BEGIN Material for this task

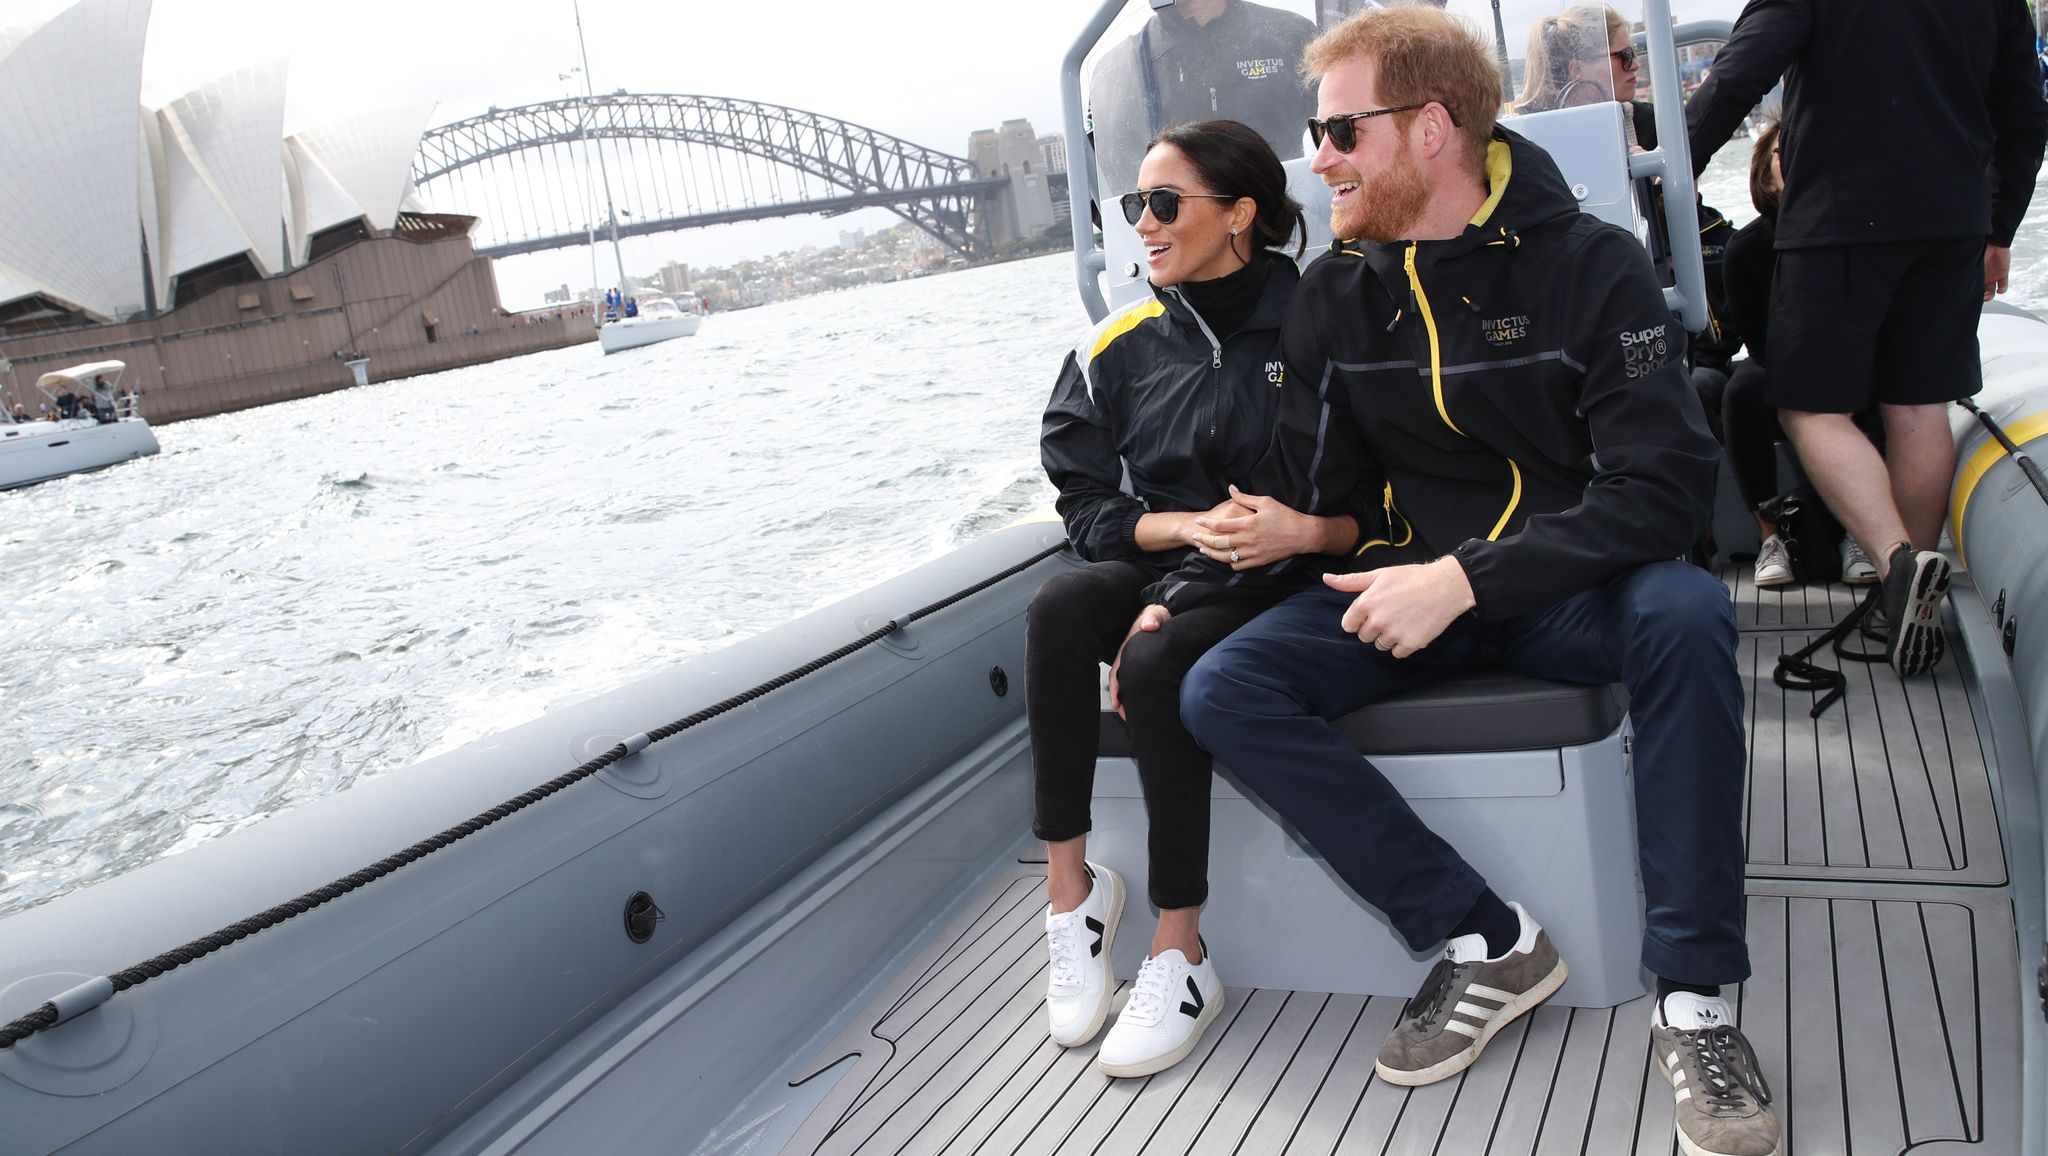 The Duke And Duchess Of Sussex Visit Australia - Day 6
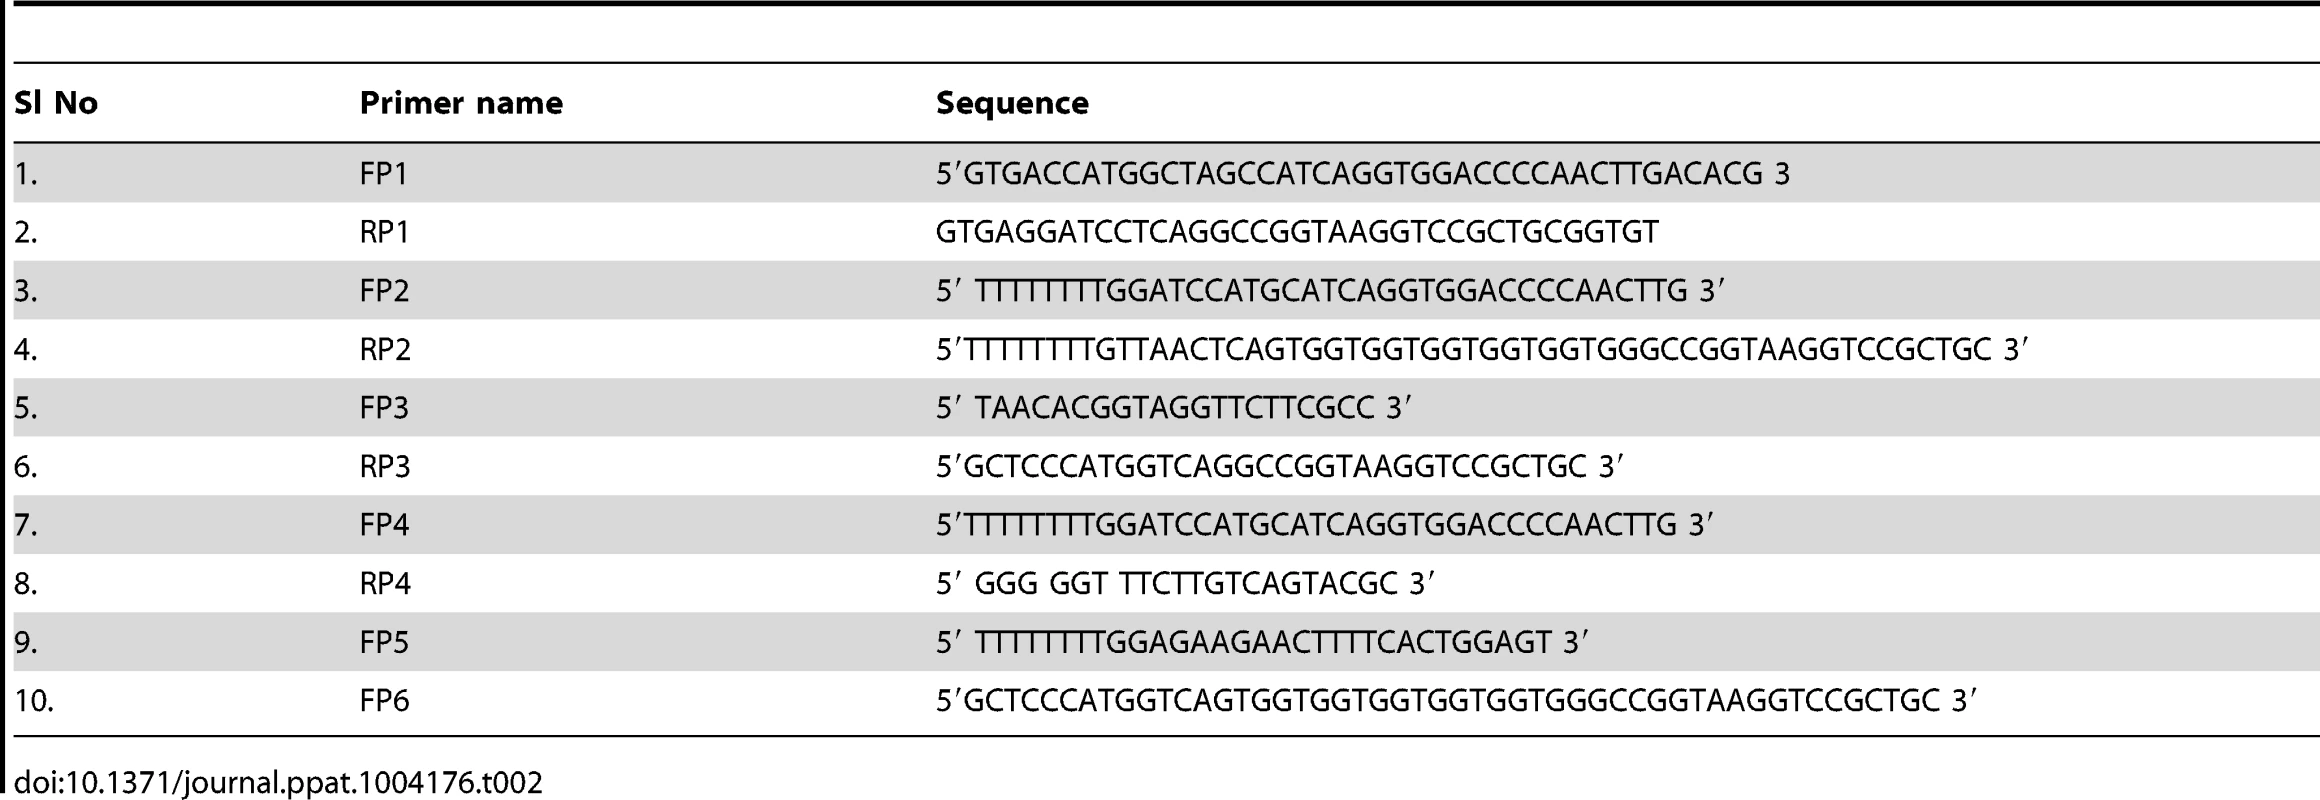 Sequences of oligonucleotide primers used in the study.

END Material for this task
BEGIN Material for this task

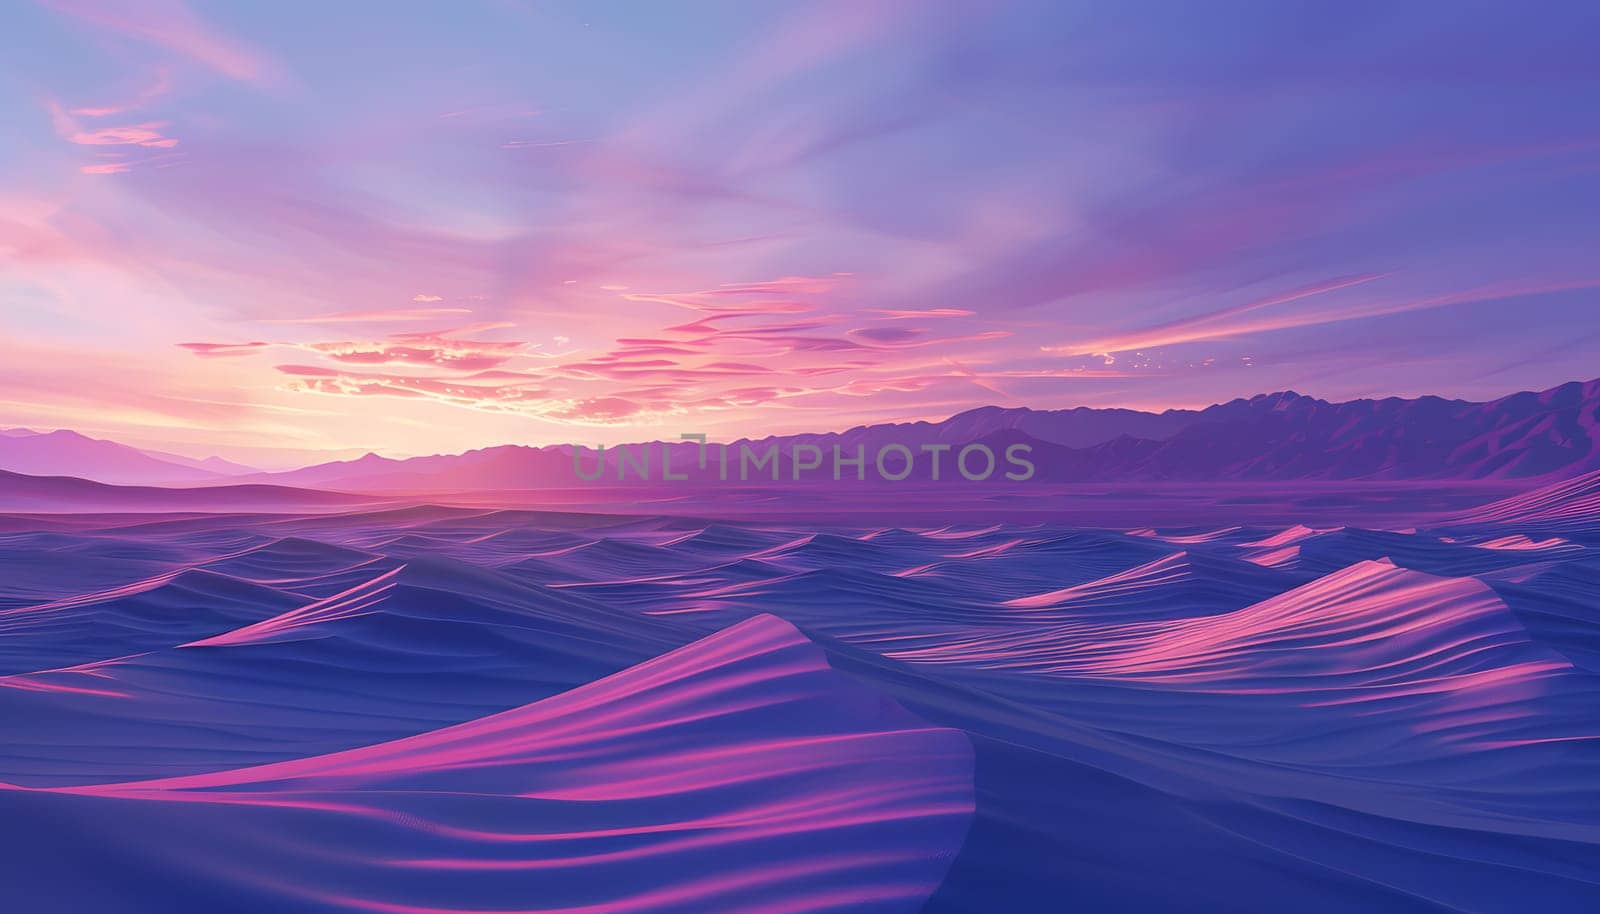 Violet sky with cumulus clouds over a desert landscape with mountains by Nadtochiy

END Material for this task
BEGIN Material for this task

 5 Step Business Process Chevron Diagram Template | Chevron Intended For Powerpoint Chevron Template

END Material for this task

What you should do >> Your answer should be the lines above, word for word, from the line with "The Duke And" through the line with "Sequences of oligonucleotide", minus the pictures.

Exercise output >>
 The Duke And Duchess Of Sussex Visit Australia - Day 6
 Sequences of oligonucleotide primers used in the study.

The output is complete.